2. The method of claim 1, further comprising:
in response to the visual image corresponding to the to-be-recognized negotiable instrument failing to match the visual image corresponding to each negotiable-instrument template in the base template library, constructing, based on the visual image corresponding to the to-be-recognized negotiable instrument, a negotiable-instrument template corresponding to the to-be-recognized negotiable instrument, and registering the negotiable-instrument template corresponding to the to-be-recognized negotiable instrument in the base template library.
3. The method of claim 1, wherein matching the visual image corresponding to the to-be-recognized negotiable instrument with the visual image corresponding to each negotiable-instrument template in the preconstructed base template library comprises:
extracting a negotiable-instrument template from the base template library and using the extracted negotiable-instrument template as a current negotiable-instrument template; and
obtaining, through a predetermined image matching algorithm, a matching result between the visual image corresponding to the to-be-recognized negotiable instrument and a visual image corresponding to the current negotiable-instrument template; and repeatedly performing the preceding operations until the visual image corresponding to the to-be-recognized negotiable instrument successfully matches the visual image corresponding to the one negotiable-instrument template in the base template library or until the visual image corresponding to the to-be-recognized negotiable instrument fails to match the visual image corresponding to each negotiable-instrument template in the base template library.
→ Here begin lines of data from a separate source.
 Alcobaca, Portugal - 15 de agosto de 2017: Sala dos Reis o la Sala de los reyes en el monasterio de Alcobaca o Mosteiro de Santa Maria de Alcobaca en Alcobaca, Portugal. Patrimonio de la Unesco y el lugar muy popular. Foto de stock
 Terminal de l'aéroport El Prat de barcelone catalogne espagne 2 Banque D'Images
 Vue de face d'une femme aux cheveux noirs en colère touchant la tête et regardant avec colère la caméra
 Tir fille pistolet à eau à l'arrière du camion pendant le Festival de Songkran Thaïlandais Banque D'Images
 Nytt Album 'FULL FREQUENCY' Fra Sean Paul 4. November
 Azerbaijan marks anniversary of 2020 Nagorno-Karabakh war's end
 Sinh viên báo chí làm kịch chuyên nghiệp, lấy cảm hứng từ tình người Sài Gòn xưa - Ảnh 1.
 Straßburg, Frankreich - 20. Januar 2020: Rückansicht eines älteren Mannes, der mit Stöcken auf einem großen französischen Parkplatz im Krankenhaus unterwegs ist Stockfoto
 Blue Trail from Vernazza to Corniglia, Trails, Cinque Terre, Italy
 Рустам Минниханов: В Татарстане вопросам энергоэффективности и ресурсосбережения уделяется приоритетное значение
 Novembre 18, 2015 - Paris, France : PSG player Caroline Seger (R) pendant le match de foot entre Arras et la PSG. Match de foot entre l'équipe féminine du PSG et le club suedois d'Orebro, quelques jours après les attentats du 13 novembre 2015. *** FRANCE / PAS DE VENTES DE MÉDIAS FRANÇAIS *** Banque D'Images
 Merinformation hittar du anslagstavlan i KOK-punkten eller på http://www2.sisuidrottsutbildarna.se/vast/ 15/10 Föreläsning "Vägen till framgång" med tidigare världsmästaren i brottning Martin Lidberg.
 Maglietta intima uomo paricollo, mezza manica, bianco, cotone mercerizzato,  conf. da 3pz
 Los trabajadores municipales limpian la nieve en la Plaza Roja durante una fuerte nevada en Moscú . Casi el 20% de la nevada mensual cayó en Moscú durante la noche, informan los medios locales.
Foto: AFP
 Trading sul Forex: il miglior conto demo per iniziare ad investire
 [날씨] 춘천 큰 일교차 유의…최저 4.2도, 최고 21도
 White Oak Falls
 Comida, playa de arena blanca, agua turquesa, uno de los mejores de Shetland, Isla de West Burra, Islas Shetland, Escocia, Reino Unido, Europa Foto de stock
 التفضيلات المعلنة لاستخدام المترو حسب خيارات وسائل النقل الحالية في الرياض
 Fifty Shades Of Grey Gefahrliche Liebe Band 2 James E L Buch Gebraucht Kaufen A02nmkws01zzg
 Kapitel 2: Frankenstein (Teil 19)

4. The method of claim 3, wherein obtaining, through the predetermined image matching algorithm, the matching result between the visual image corresponding to the to-be-recognized negotiable instrument and the visual image corresponding to the current negotiable-instrument template comprises:
calculating, through the image matching algorithm, a node matching matrix between the visual image corresponding to the to-be-recognized negotiable instrument and the visual image corresponding to the current negotiable-instrument template and an edge matching matrix between the visual image corresponding to the to-be-recognized negotiable instrument and the visual image corresponding to the current negotiable-instrument template; and
obtaining, based on the node matching matrix and the edge matching matrix, the matching result between the visual image corresponding to the to-be-recognized negotiable instrument and the visual image corresponding to the current negotiable-instrument template.
5. The method of claim 1, before inputting the to-be-recognized negotiable instrument into the pretrained deep learning network, further comprising:
in response to the deep learning network not satisfying a preset convergence condition, extracting a negotiable-instrument photo from a preconstructed training sample library and using the extracted negotiable-instrument photo as a current training sample; and
updating, based on a negotiable-instrument type of the current training sample, a preconstructed initial visual image corresponding to the negotiable-instrument type to obtain an updated visual image corresponding to the negotiable-instrument type; and repeatedly performing the preceding operations until the deep learning network satisfies the preset convergence condition.
6. The method of claim 5, before updating, based on the negotiable-instrument type of the current training sample, the preconstructed initial visual image corresponding to the negotiable-instrument type, further comprising:
inputting the current training sample into a pretrained text recognition model, and obtaining, through the text recognition model, coordinates of four vertexes of each detection box in the current training sample;
extracting an appearance feature of each detection box and a space feature of each detection box based on the coordinates of the four vertexes of each detection box; and constructing the initial visual image corresponding to the negotiable-instrument type based on the appearance feature of each detection box and the space feature of each detection box.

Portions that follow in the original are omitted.